You can download the full report here

Saturday, March 01, 2014

Why don't we actually listen to people instead of just aggregating streams?


The technology industry loves to take very meaningful words and terminology and reduce it's meaning and depth down to a shadow of it's former self for the purposes of first strike advantage or developing market share.

Having broken ground in social media, but now spreading across the digital landscape is another one of these bold misuses of the English language - the concept of Listening.  The first instances of Listening technology that I saw (a few years ago) were essentially streams of data from multiple sources, typically filtered by brands or account names.  When the volume of data was too much to read, these streams gave way to trending reports based on keyword analysis, geography, sentiment (we should probably talk about how this word has lost it's way also) and other aggregating factors that help us do amazing things, like derive averages.  Oh, we love our averages in marketing. I always say that if you want to do something average, base your strategy on the averages you get in your reporting.



Aggregating, reporting, analyzing, filtering, mining - any of these would have been a better term than listening. But Listening made it sound so active, so enticing, so concerned and empathetic to the needs of people.  Listening it was.  One small problem - it was very selective hearing.

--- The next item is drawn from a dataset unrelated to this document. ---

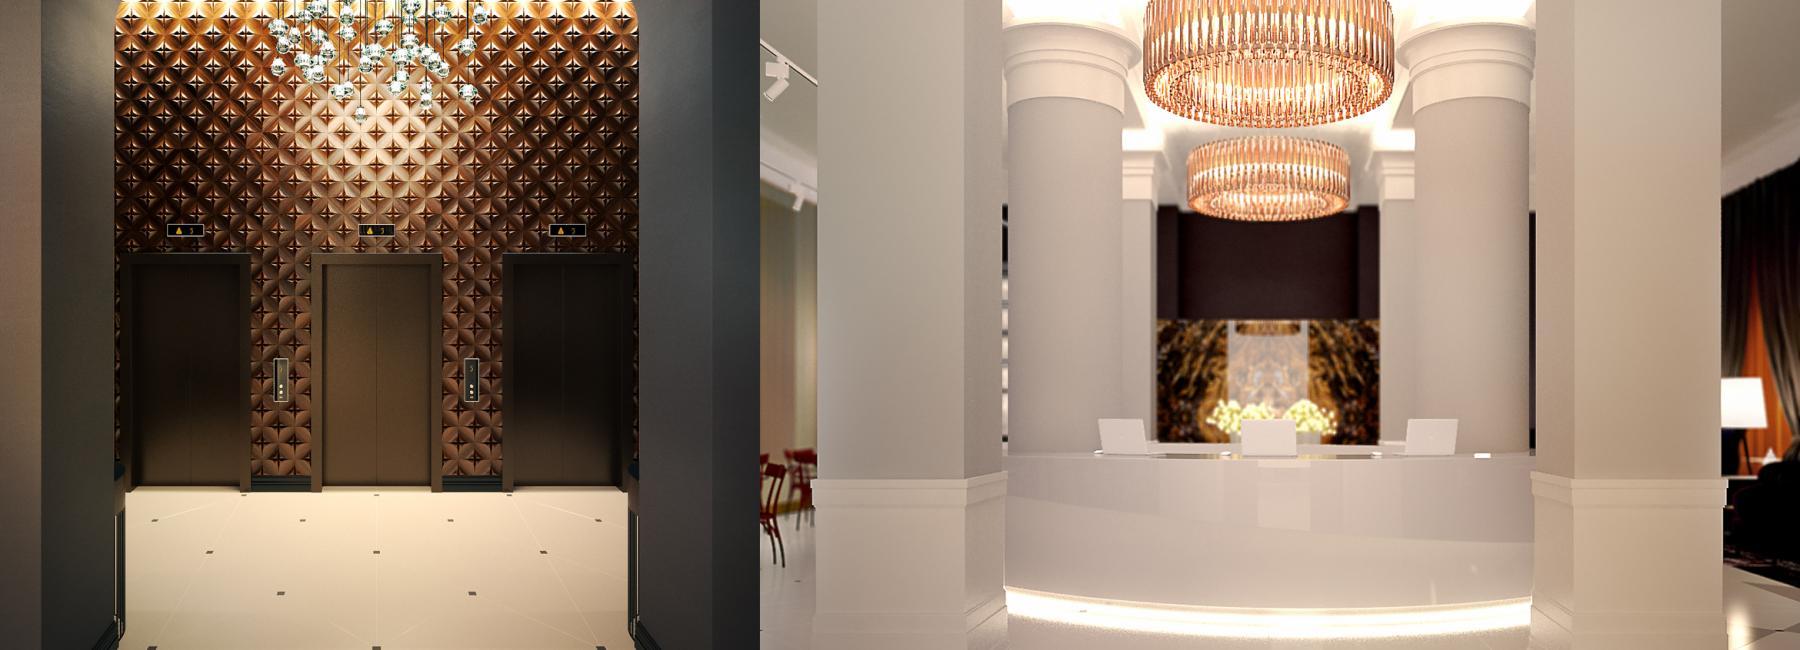 hotel_oktiabrskaya_hotel_design_lwa

To me this begs the question - why not actually listen?  Why don't we actively listen?  We have the capability.  Let's borrow from the psychology and personal improvement gurus and build out some inter personal skills based on real human capacity and concern.

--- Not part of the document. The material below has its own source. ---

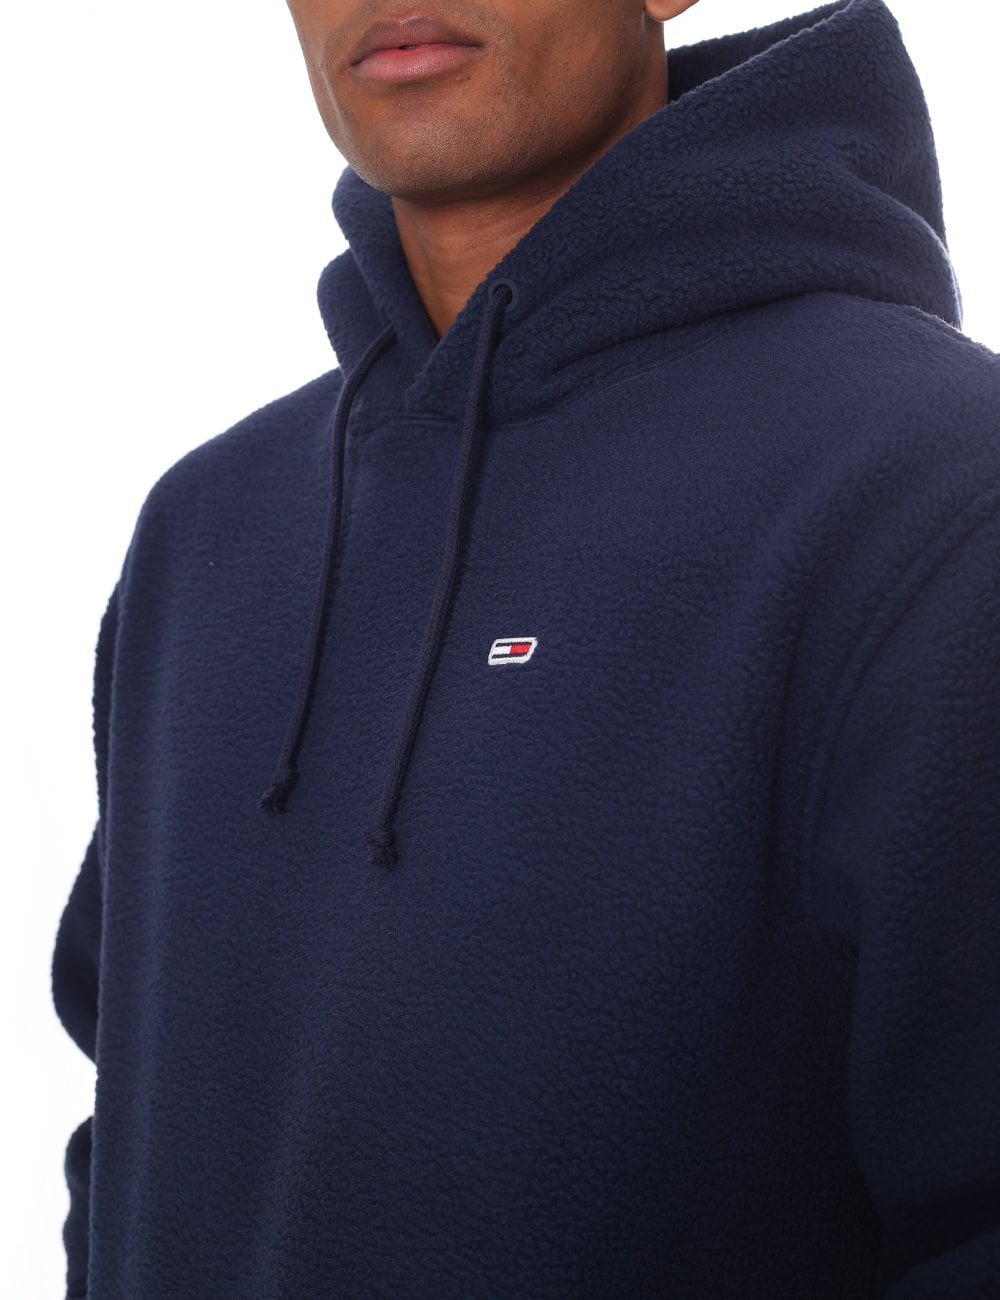 Tommy Hilfiger Men s Classics Polar Hooded Fleece 7b68a3a70d2e

How to Really Listen to Someone By Tina Su. “Everyone desires to be heard. When we listen to others, we validate their need to be acknowledged and understood. Deep down inside, we all want to know that we matter, that we are important.
Creativity and Listening by David Intrator. “There sure is a lot of talk about listening.But in our contemporary world there doesn’t seem to be much listening going on.Which is really no surprise, considering how noisy life’s become. Add to that the clamor that naturally goes on inside our heads as conscious human beings, and listening becomes a near impossibility.
How to listen in which Dave Gray shares his 10 commandments for listening. “If you want to be a better communicator learn to listen, and more importantly, listen to learn.

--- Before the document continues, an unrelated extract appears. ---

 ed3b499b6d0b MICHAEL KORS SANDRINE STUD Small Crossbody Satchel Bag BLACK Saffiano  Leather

  1. "Validate their need to be acknowledged and understood."  From putting some basic acknowledgement in place to truly honouring and earning the digital opt-in, this particular facet of empathy is a great guideline for what we can with big data when we break it down into the conversations we want to have with people (marketers, people is another word for customers)
  2. "Listening becomes a near impossibility." So much noise. So much clamor. If we want to hear someone we are going to have to shut up for a minute. Stop broadcasting. Start having conversations. It will change your, I mean their, life.
  3. "Learn to listen, and more importantly, listen to learn." I do honestly care whether or not you had lunch today, but I don't need to see a picture of it. It's not about hearing every single thing that goes on, it's about the cues and clues to inform and propel the conversations we need to have. When we listen to learn, we can do something with the things we hear.
This might seem obvious, now that I've written it down, but trust me it's not. This particular area is prone to some of the buzzword-laden, inauthentic, myopic discussions I have ever had with product managers and marketers.  Trust me, I was listening.